Would you rather be a famous celebrity or be famous in your professional industry?

  • One word

This icebreaker game can help groups get in the right mindset for an upcoming discussion topic. The goal is for people to come up with a single word that describes a prompt you have provided. Divide participants into small groups and give them a couple of minutes to brainstorm ideas.

For example, if your meeting is about company culture, have them come up with one word that describes what office culture means to them. Starting an important meeting with this activity gives everyone time to think about a certain topic, which can increase participation.

  • Marshmallow challenge

The Marshmallow Challenge is more of a team-building activity, but it works just as well as an icebreaker when you can set aside enough time.

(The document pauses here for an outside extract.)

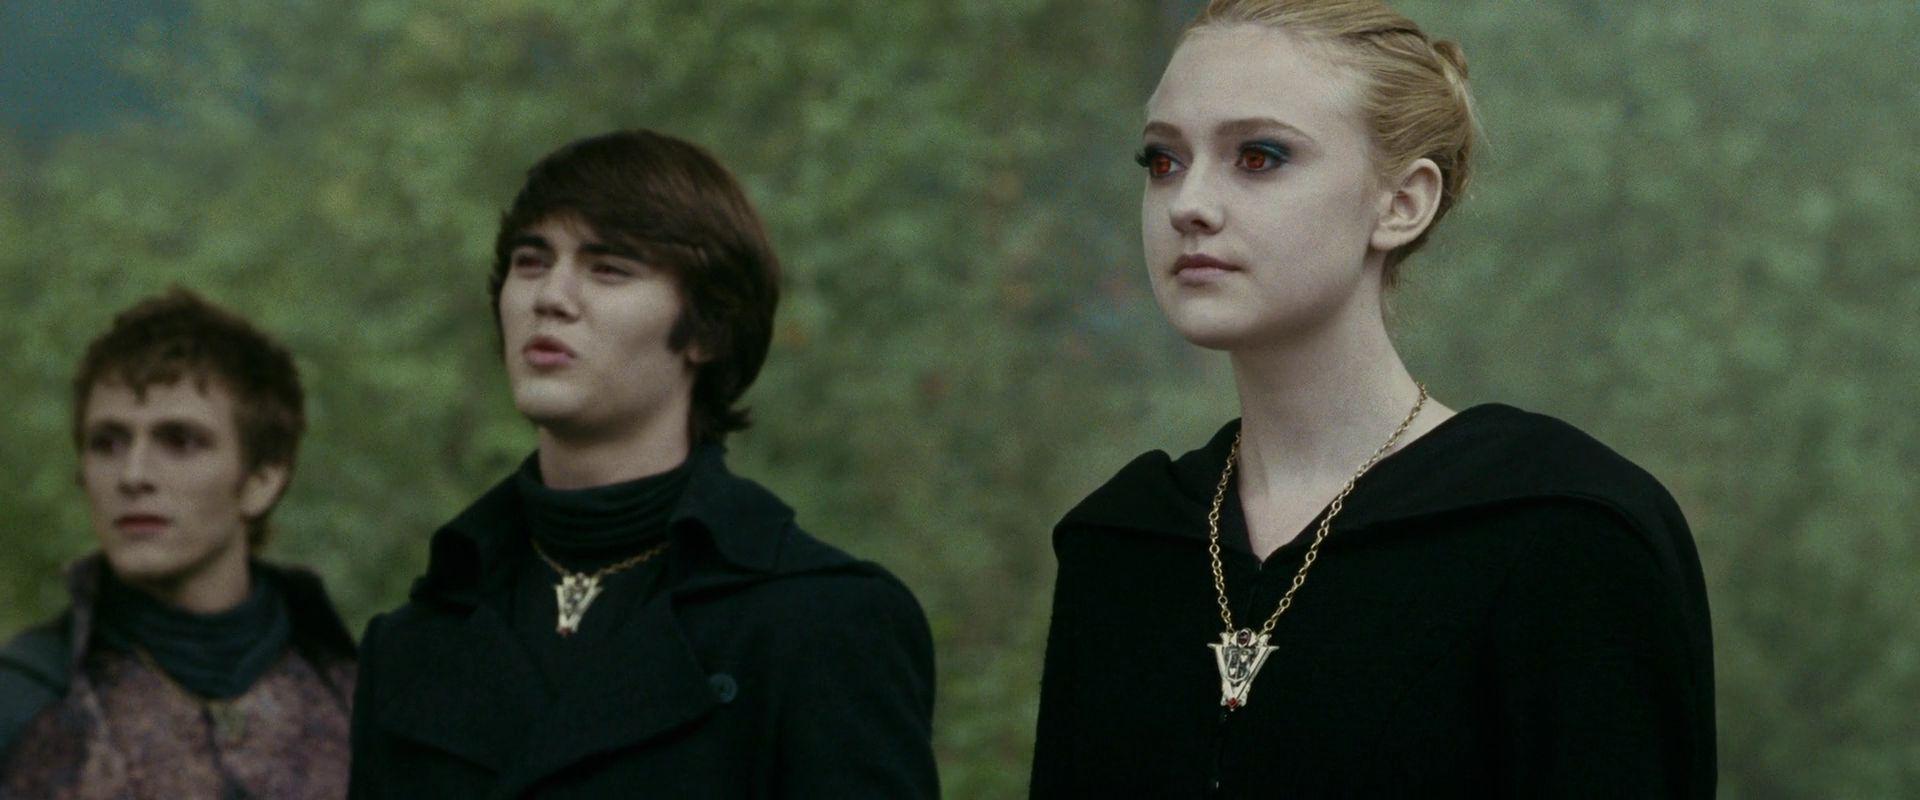 Alec - Eclipse HQ Auszeichnungen - Alec of the Volturi Image
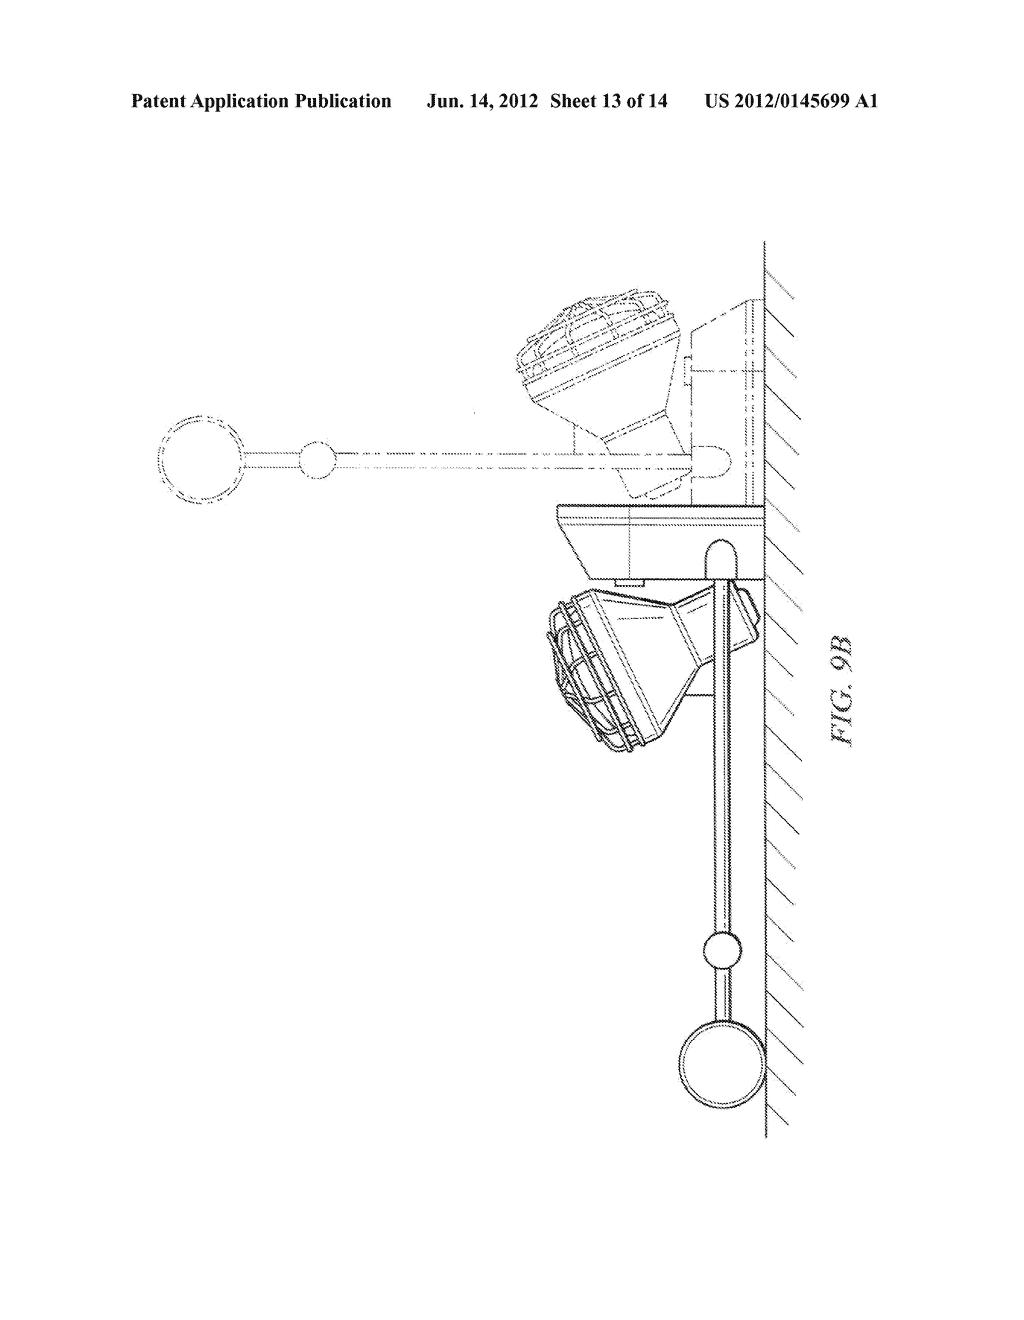 Heat Lamp Diagram, Schematic, And Image 14 Heat Lamp Light Heat Lamp Diagram

To play, divide participants into groups of three or four and give each group 20 sticks of dry spaghetti, a long piece of string, some tape and a marshmallow. The goal is to see which team can build the tallest structure with the marshmallow on top of the finished product. This game gets individuals to collaborate and quickly brainstorm potential solutions. The most successful teams work together, do not waste time competing for power and quickly come up with an alternative solution if their original idea fails.

 

  • 10 things in common

This game is a great way for team members to discover shared traits and interests. To play, ask people to find a partner—preferably people will find a partner they have not had the chance to connect with yet. Have each pair identify 10 things they have in common with one another. Encourage team members to find deeper commonalities, such as if they each have two siblings or both studied English in college, rather than the obvious qualities, such as working at the same company.

 

  • Whodunit

Ask everyone to write down something interesting they have experienced on a notecard. Examples can range from having gone skydiving to winning the state spelling bee championship in elementary school.

Put all the notecards in a container, shake them up and have each person draw a notecard and read it aloud. The individual reading the fact must then guess the person who had that experience and why they think it is that person. Anyone who draws their notecard should put it back and try again without giving it away.

To add an extra challenge to the game, break the group into two teams and see which team can win the most points from guessing correctly.

  • Scavenger hunt

A scavenger hunt is one of the most exciting small team icebreakers you can do after a special event like a corporate lunch or picnic. It does take some time to put together, but a scavenger hunt encourages everyone to work together and use problem-solving skills. Consider adding a small prize for the first team who finds all the hidden items.

Icebreakers and other team-building activities can be an important part of company culture and help boost morale and productivity. Consider these fun icebreakers for small groups and how you can incorporate them into your weekly or monthly office routine!